### YOUR TASK
Below are some records; repeat them all exactly, minus the pictures.
--- START ---
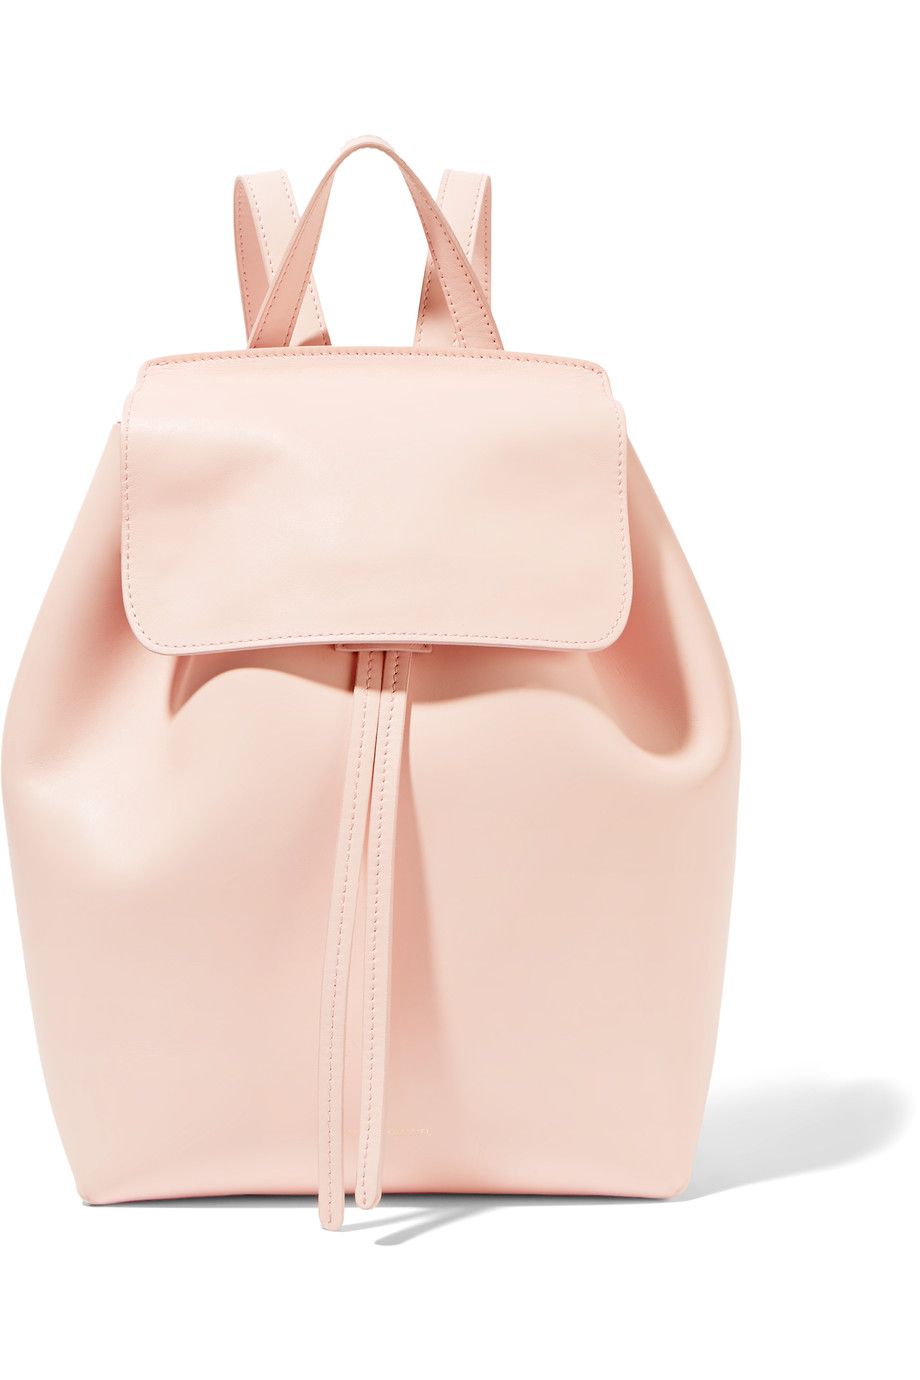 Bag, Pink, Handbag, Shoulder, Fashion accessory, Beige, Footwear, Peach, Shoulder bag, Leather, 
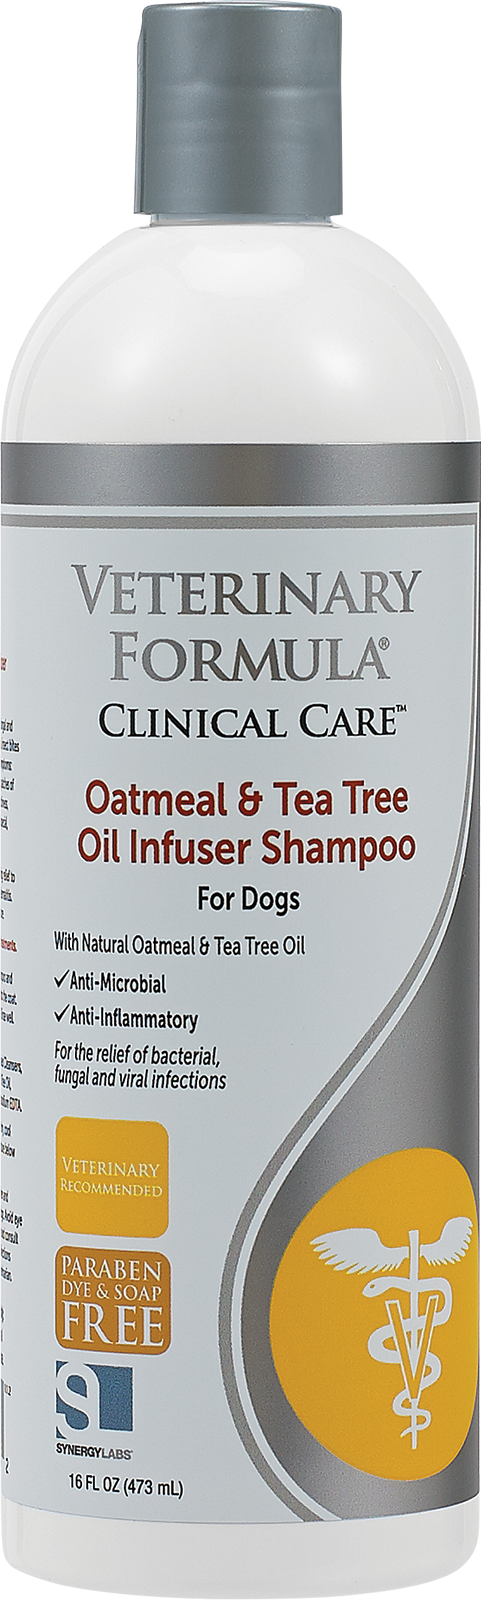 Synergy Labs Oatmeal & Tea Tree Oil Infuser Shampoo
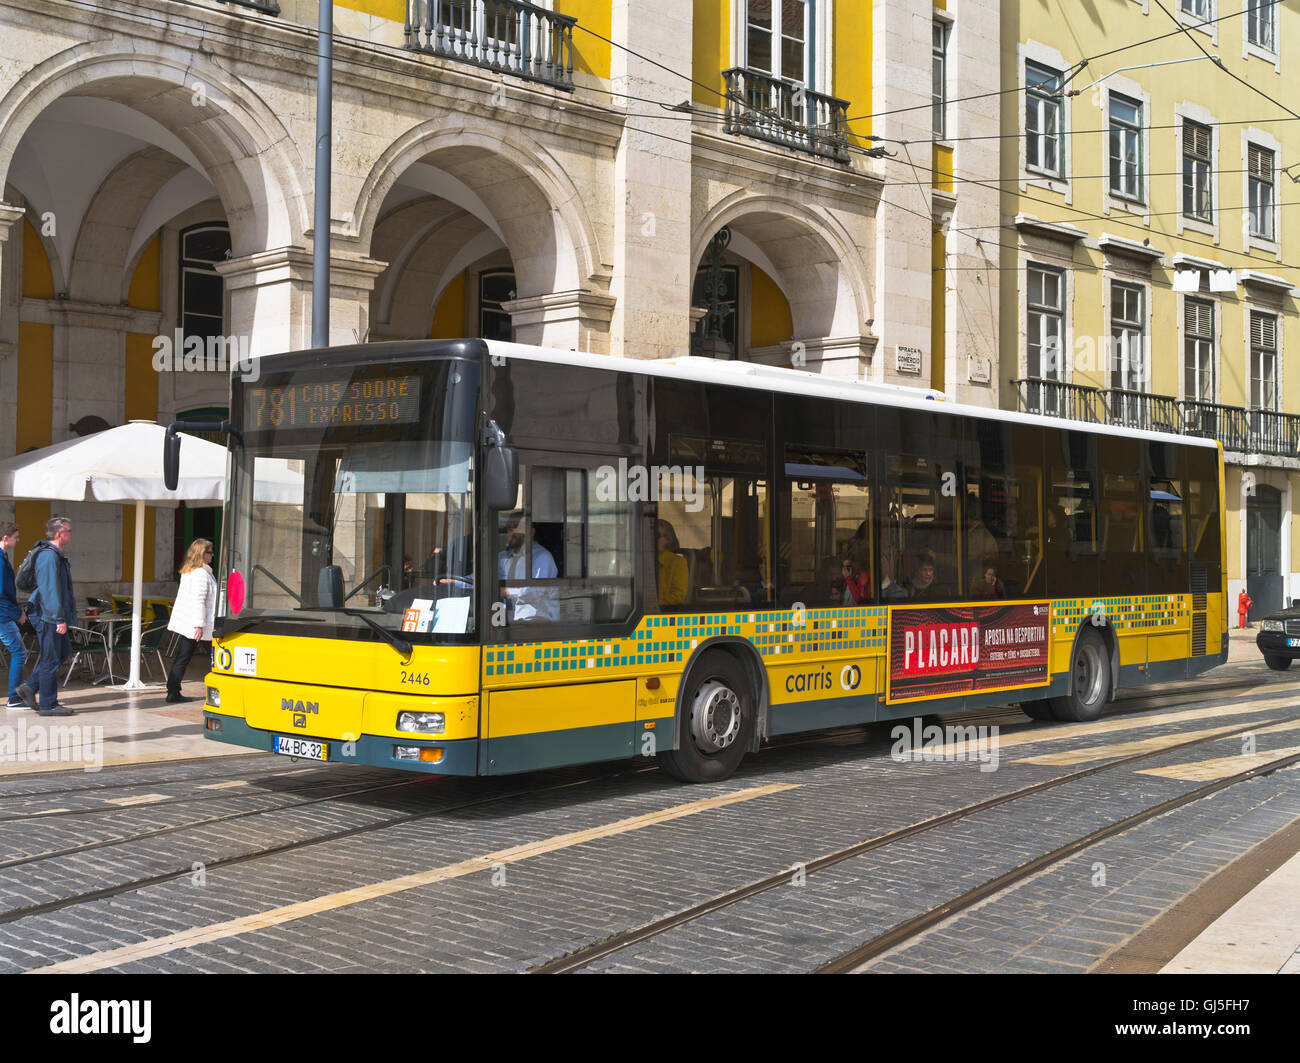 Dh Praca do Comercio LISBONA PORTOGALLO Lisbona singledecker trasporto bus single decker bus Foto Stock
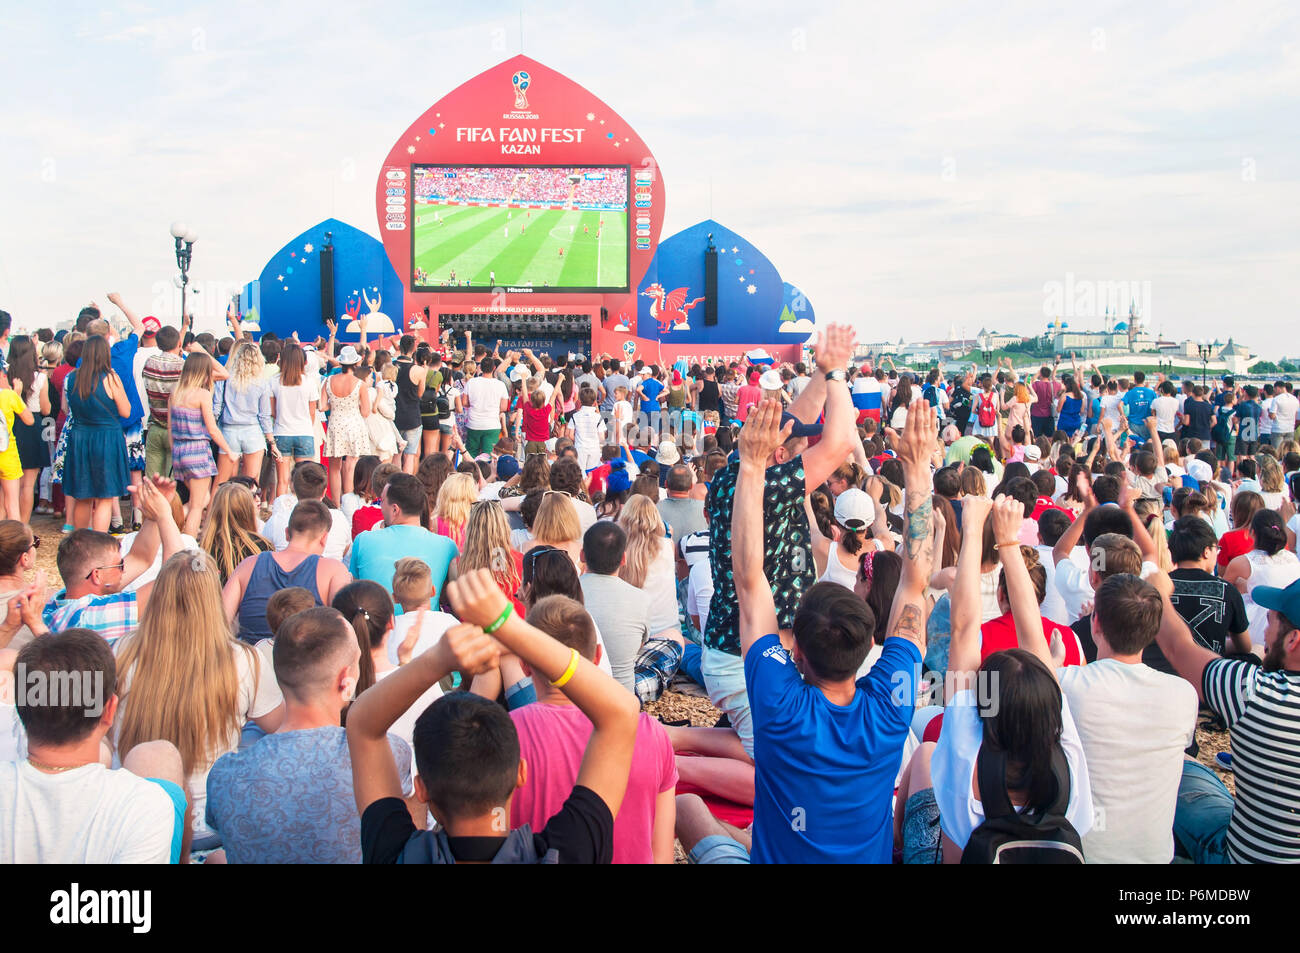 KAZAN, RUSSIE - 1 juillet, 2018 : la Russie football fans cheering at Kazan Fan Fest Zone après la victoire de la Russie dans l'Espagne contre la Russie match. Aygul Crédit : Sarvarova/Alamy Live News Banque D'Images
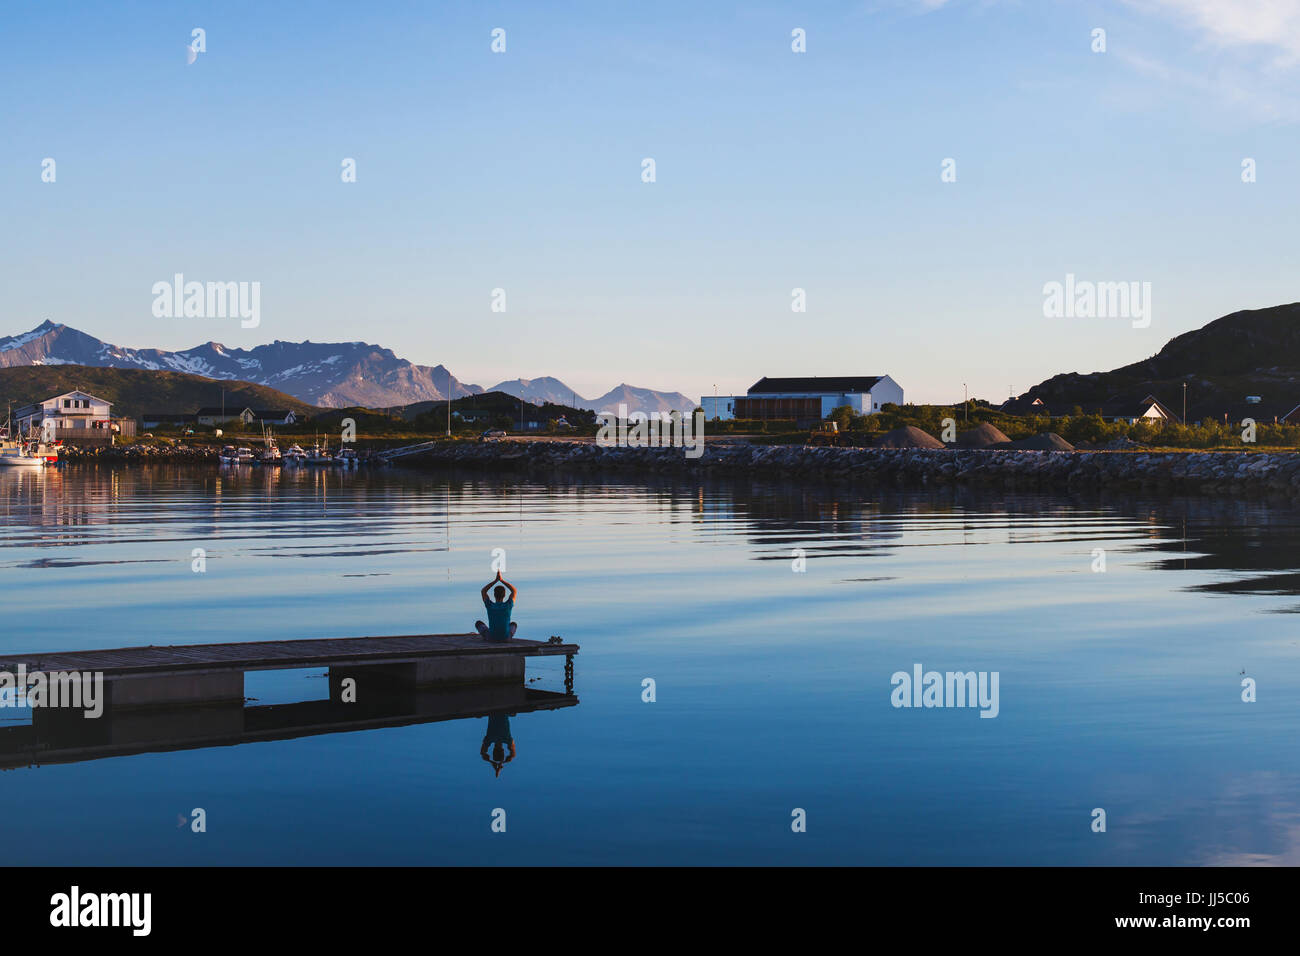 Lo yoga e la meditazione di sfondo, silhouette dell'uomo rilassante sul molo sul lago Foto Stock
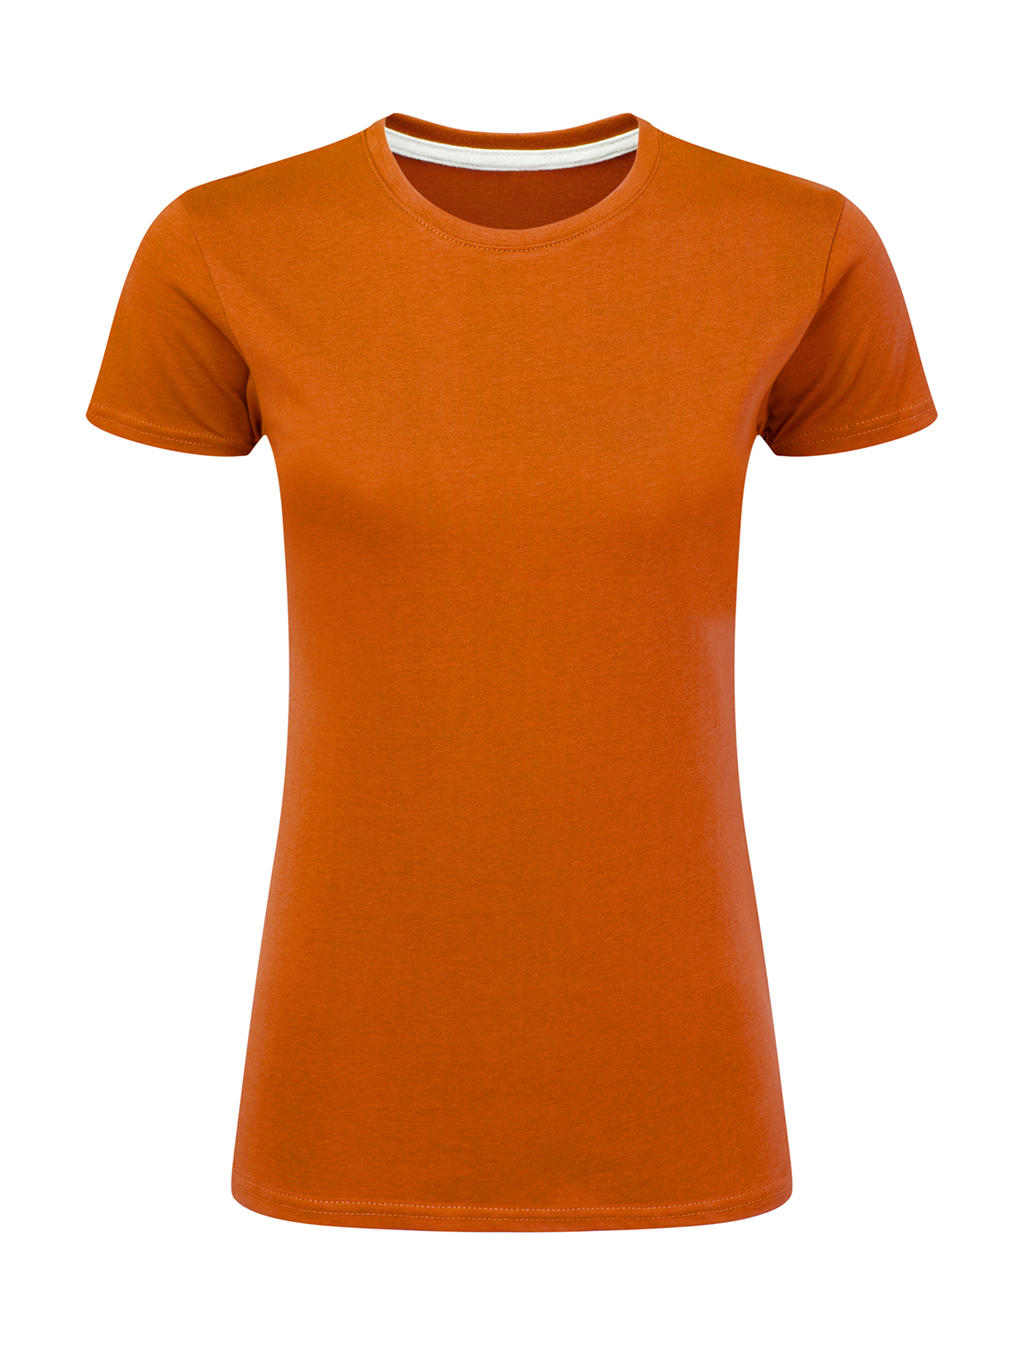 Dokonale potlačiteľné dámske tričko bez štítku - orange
--- END ---
### SOLUTION TO THIS PROBLEM
 Bag, Pink, Handbag, Shoulder, Fashion accessory, Beige, Footwear, Peach, Shoulder bag, Leather, 
 Synergy Labs Oatmeal & Tea Tree Oil Infuser Shampoo
 Dh Praca do Comercio LISBONA PORTOGALLO Lisbona singledecker trasporto bus single decker bus Foto Stock
 KAZAN, RUSSIE - 1 juillet, 2018 : la Russie football fans cheering at Kazan Fan Fest Zone après la victoire de la Russie dans l'Espagne contre la Russie match. Aygul Crédit : Sarvarova/Alamy Live News Banque D'Images
 Lo yoga e la meditazione di sfondo, silhouette dell'uomo rilassante sul molo sul lago Foto Stock
 Dokonale potlačiteľné dámske tričko bez štítku - orange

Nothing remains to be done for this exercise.